Comparison of Flows through a Tidal Inlet in Late Spring and after the Passage of an Atmospheric Cold Front in Winter Using Acoustic Doppler Profilers and Vessel-Based Observations

Abstract

This paper discusses the application of acoustic Doppler current profilers (ADCP) for the quantification of transport of water and the underlining physical mechanism. The transport of water through estuaries and tidal inlets is affected by tide, river flow, and wind. It is often assumed that wind effects in such systems are negligible unless under severe weather conditions. This study compares the ADCP-measured flows across a tidal inlet under weak wind conditions in late spring and those after the passage of an atmospheric cold front in winter. The Barataria Pass is a major inlet connecting Barataria Bay and northern Gulf of Mexico. The water exchange between the bay and coastal ocean is influenced by wind, especially in winter, because tide in the region is small (microtidal). The winter weather and late spring–summer weather are different.
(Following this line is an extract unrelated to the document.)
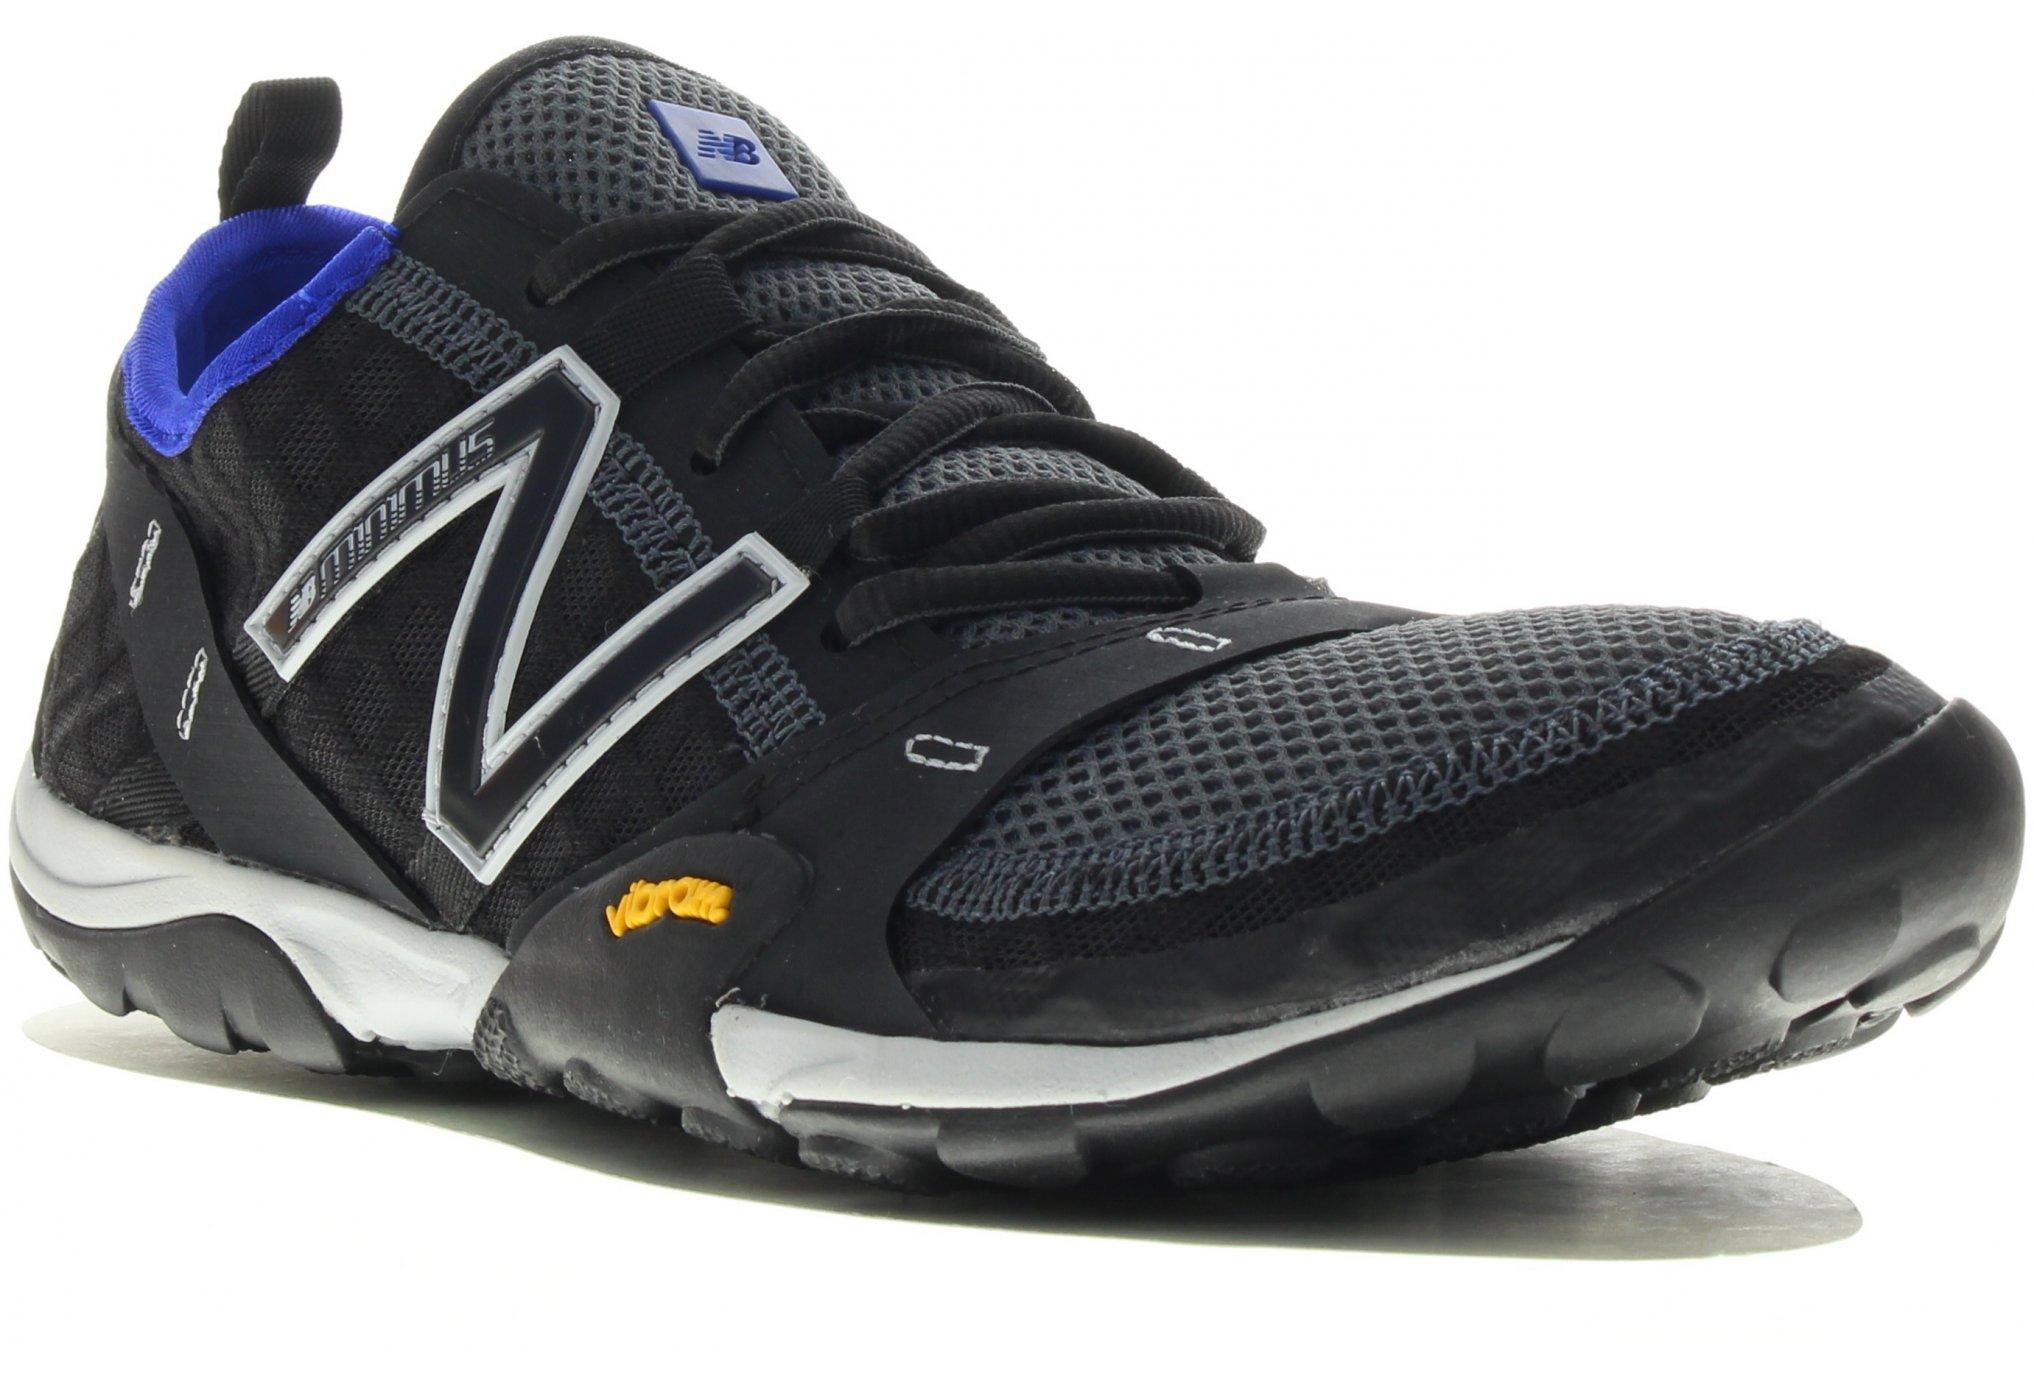 New Balance Minimus Trail 10 M Diététique Chaussures homme

This difference results in different estuarine circulations. To examine this, two surveys were carried out with ship-mounted ADCPs—one in winter (19 December 2014) shortly after the passage of a cold front from the northwest, and the other in late spring (4 May 2015) with weak southeasterly winds. Distinctly different features of mean transport through the inlet were observed between the two surveys. The results from the first survey in winter showed that the total water transport was from the bay to the coastal ocean under northerly winds with intense outflows in shallow water, which is a typical signature of wind effects. The net flow was outward when the water level dropped. Data from the second survey in spring showed that the mid-channel water flew out of the bay (against the wind), whilst inflow appeared at both ends across the inlet, which was also a response to the weak wind stress and outward pressure gradient force set by the estuarine flow. The inflow at the eastern end (exceeding 0.1 m/s) is consistent with the idea that the coastal current resulted from the Mississippi River outflow enters the bay from the eastern end. The influence of tidal oscillations on water exchange appeared to be higher in the late spring data. The hydrographic observations in spring showed typical tidal straining features of an inverse estuary during the ebb–flood cycle, while salinity in the eastern shallow water generally varied with time, indicating the inflow of fresher water into the bay, confirming previous observations from summer 2008.